Exercise data —
• • •
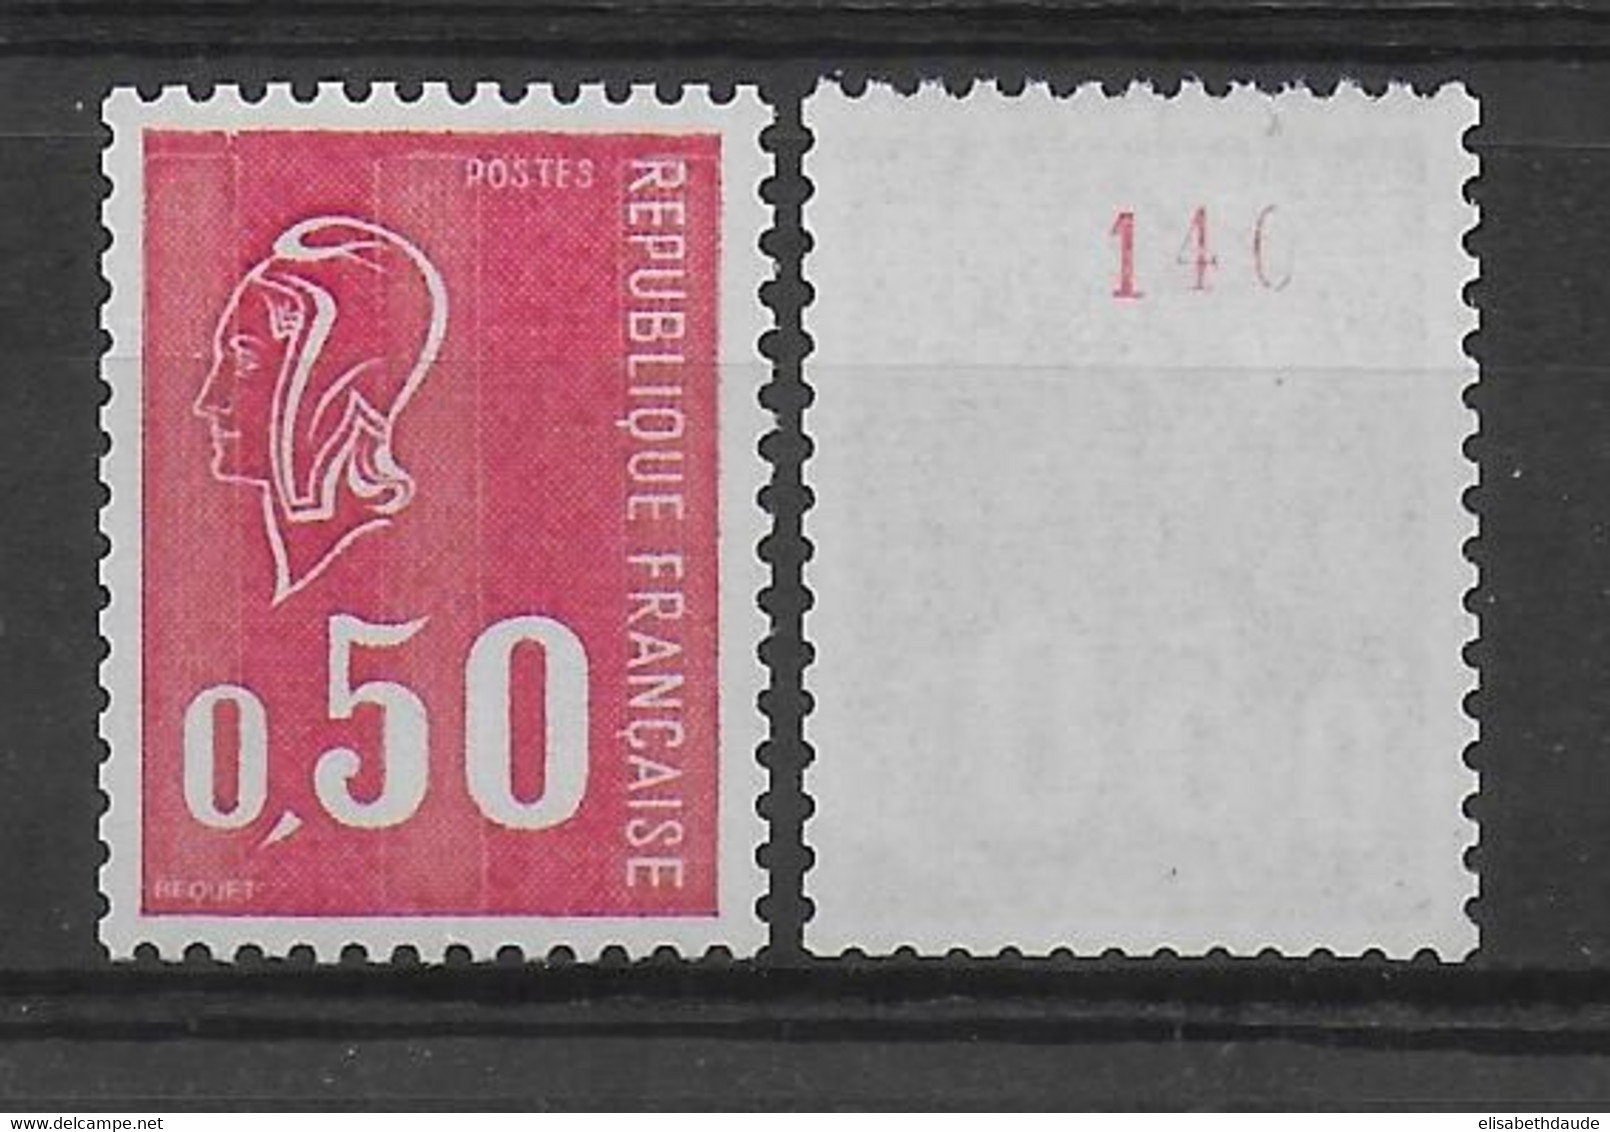 MARIANNE De BEQUET - ROULETTE N° ROUGE - YVERT 1664e 3 BANDES PHOSPHORE - COTE = 25 EUR - Coil Stamps
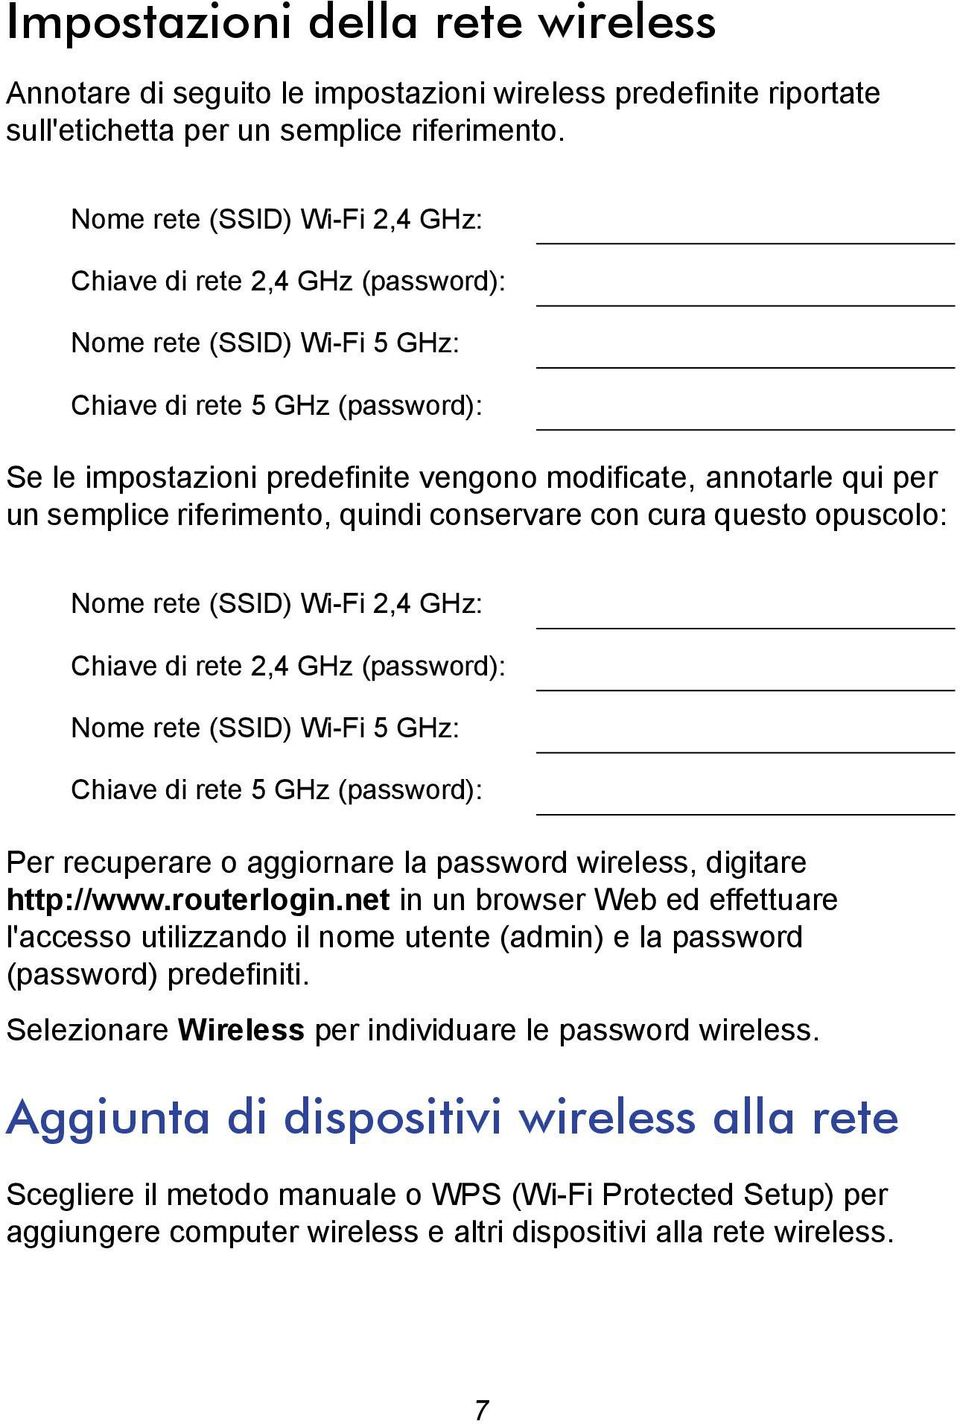 un semplice riferimento, quindi conservare con cura questo opuscolo: Nome rete (SSID) Wi-Fi 2,4 GHz: Chiave di rete 2,4 GHz (password): Nome rete (SSID) Wi-Fi 5 GHz: Chiave di rete 5 GHz (password):
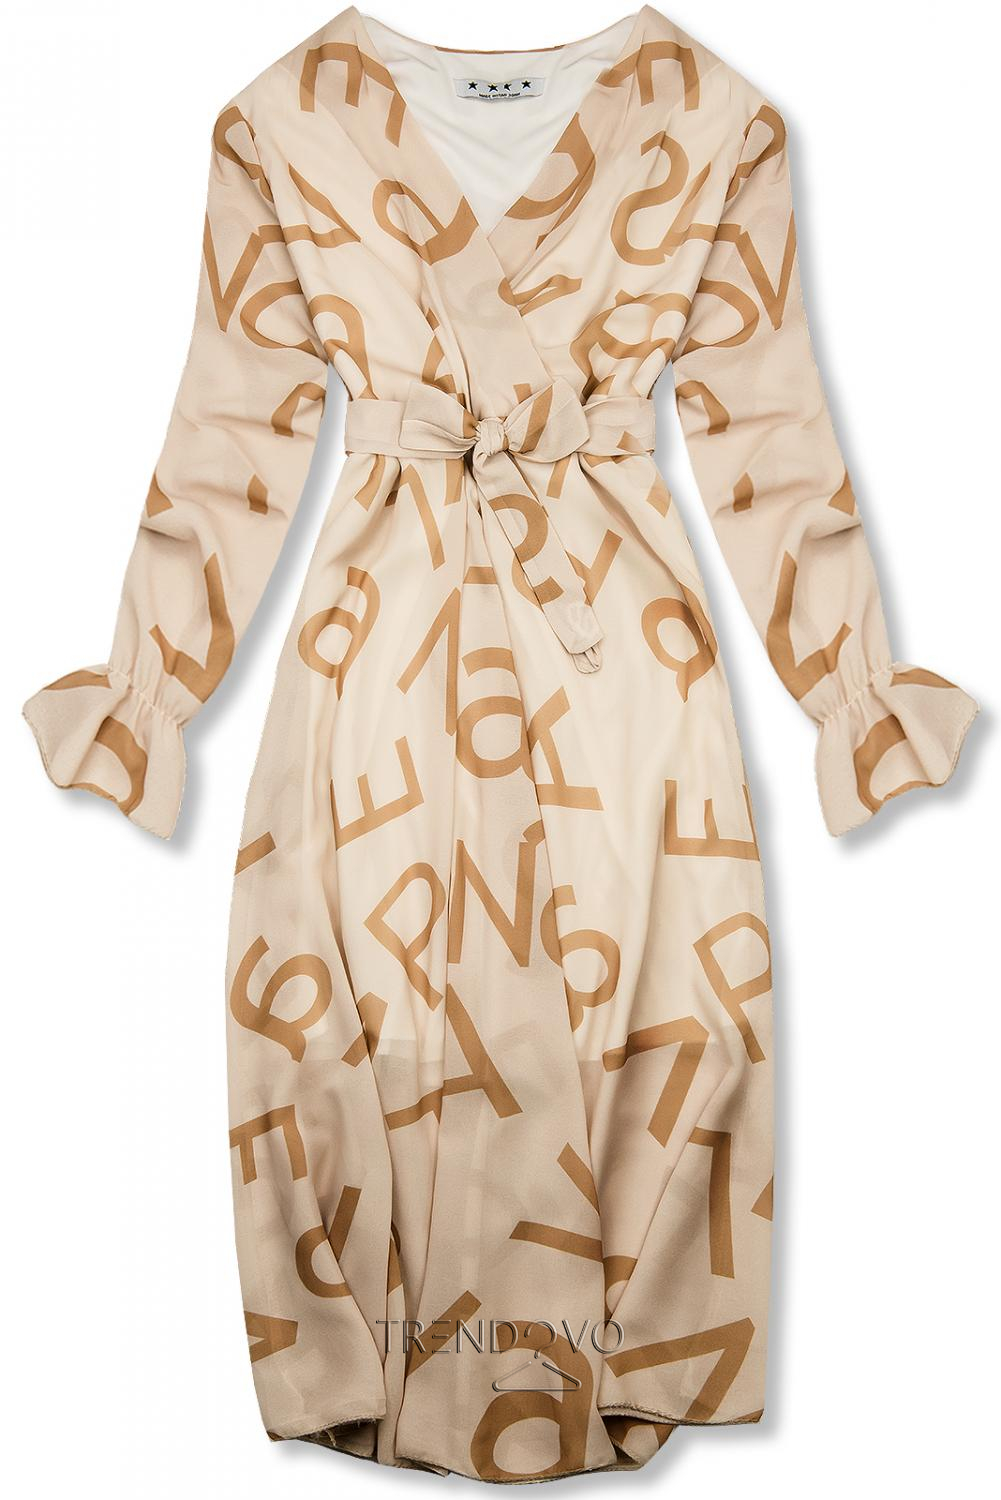 Béžové midi šaty s potlačou písmen
• • •
Every line of the listing above is to be repeated exactly, with its pictures left out.

 MARIANNE De BEQUET - ROULETTE N° ROUGE - YVERT 1664e 3 BANDES PHOSPHORE - COTE = 25 EUR - Coil Stamps
 un semplice riferimento, quindi conservare con cura questo opuscolo: Nome rete (SSID) Wi-Fi 2,4 GHz: Chiave di rete 2,4 GHz (password): Nome rete (SSID) Wi-Fi 5 GHz: Chiave di rete 5 GHz (password):
 Béžové midi šaty s potlačou písmen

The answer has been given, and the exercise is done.